▶ **Records shown**
-- Opening Marker --
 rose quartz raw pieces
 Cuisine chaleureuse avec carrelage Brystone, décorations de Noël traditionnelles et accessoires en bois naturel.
-- Closing Marker --
-- Opening Marker --
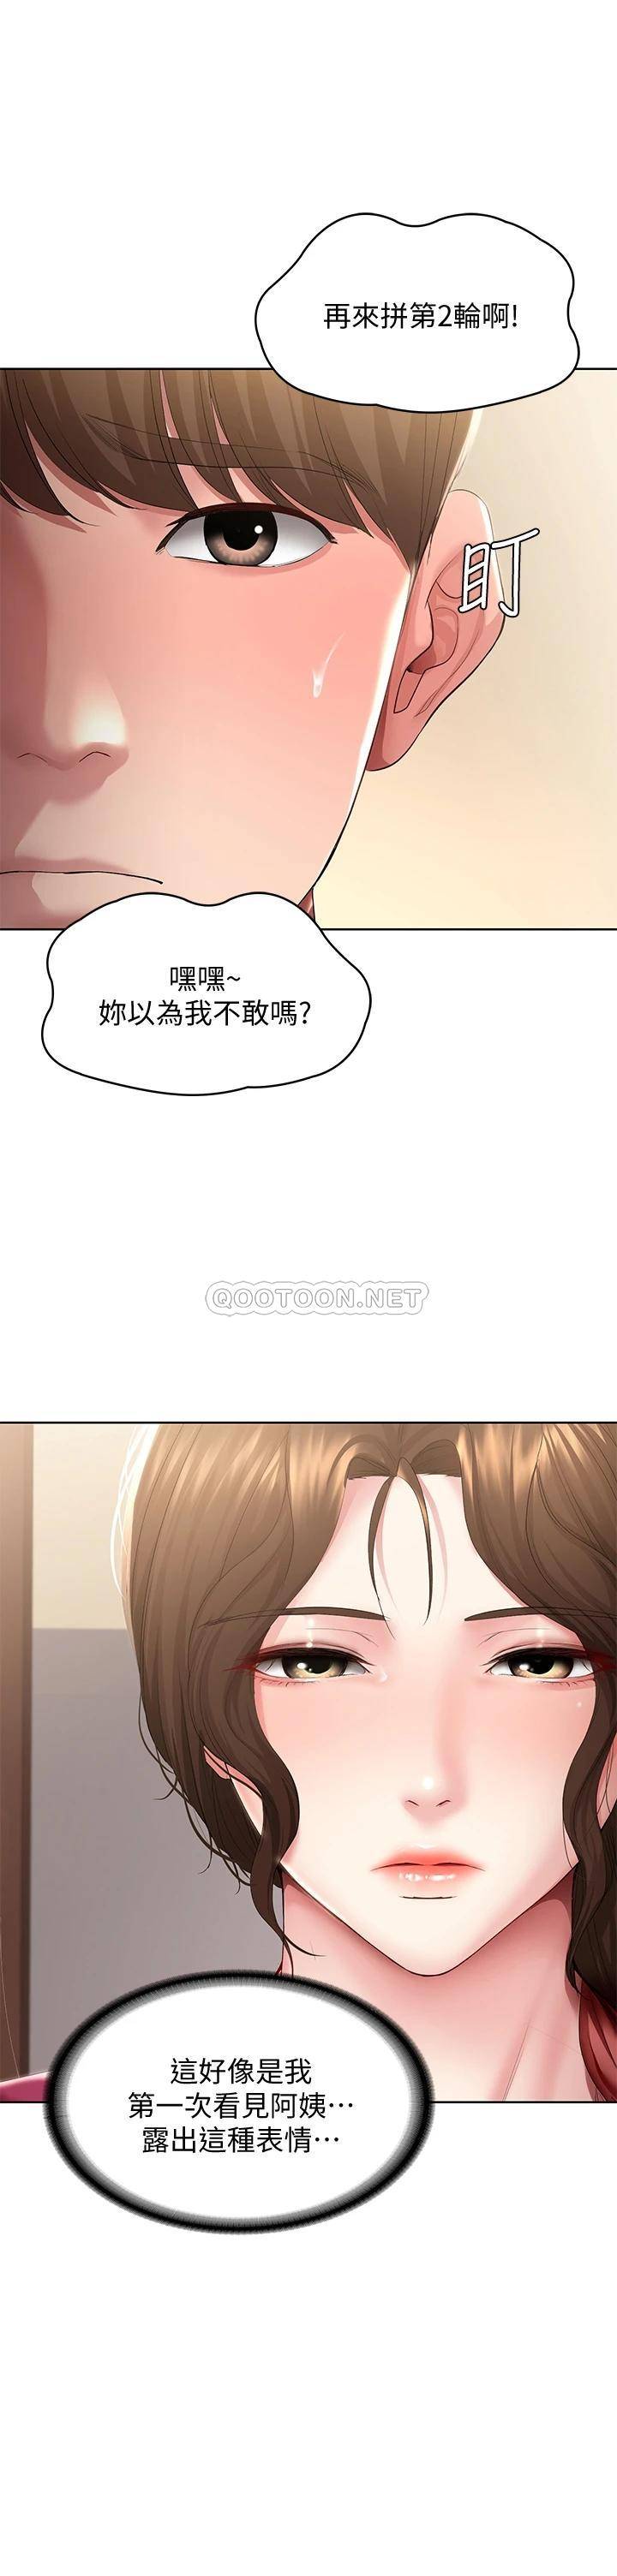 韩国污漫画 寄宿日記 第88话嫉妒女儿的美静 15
-- Closing Marker --
-- Opening Marker --
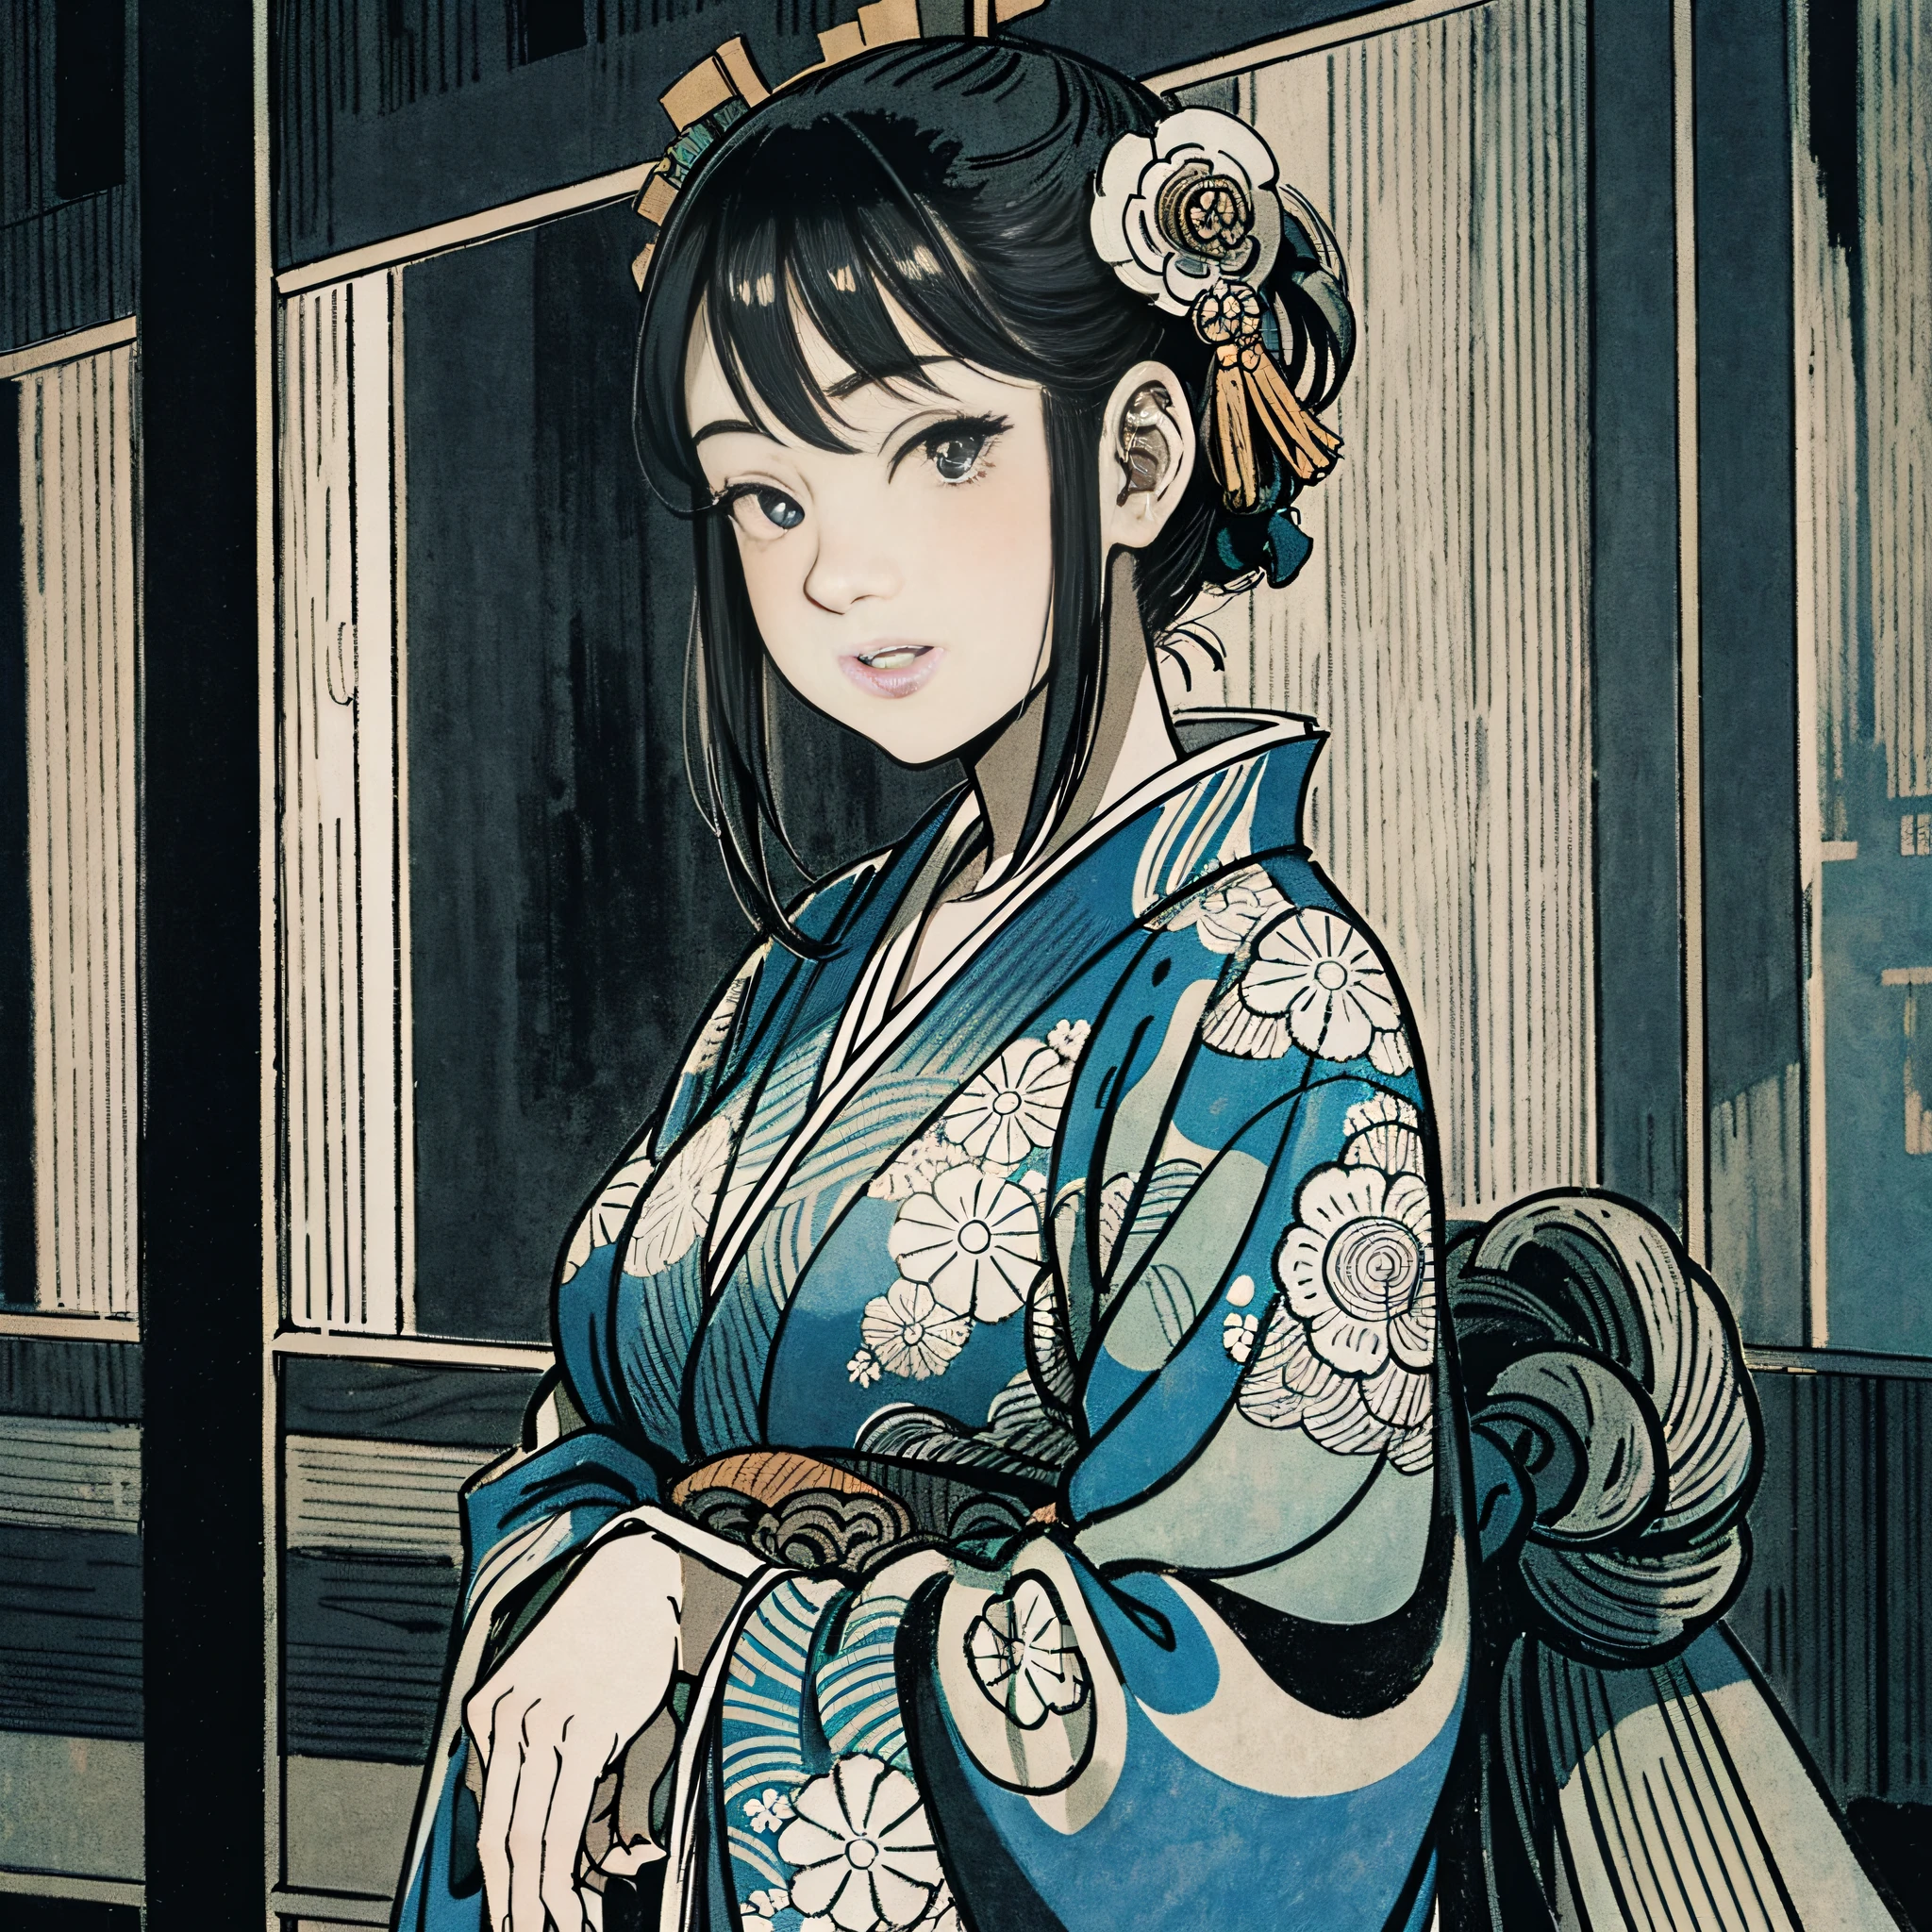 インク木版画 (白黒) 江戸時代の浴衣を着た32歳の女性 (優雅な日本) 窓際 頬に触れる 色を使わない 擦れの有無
-- Closing Marker --
▶ **What to do**
Give back the records above exactly, limited to the lines between the one holding "rose quartz raw pieces" and the one holding "Cuisine chaleureuse avec", inclusive.

▶ **Response to this exercise**
 rose quartz raw pieces
 Cuisine chaleureuse avec carrelage Brystone, décorations de Noël traditionnelles et accessoires en bois naturel.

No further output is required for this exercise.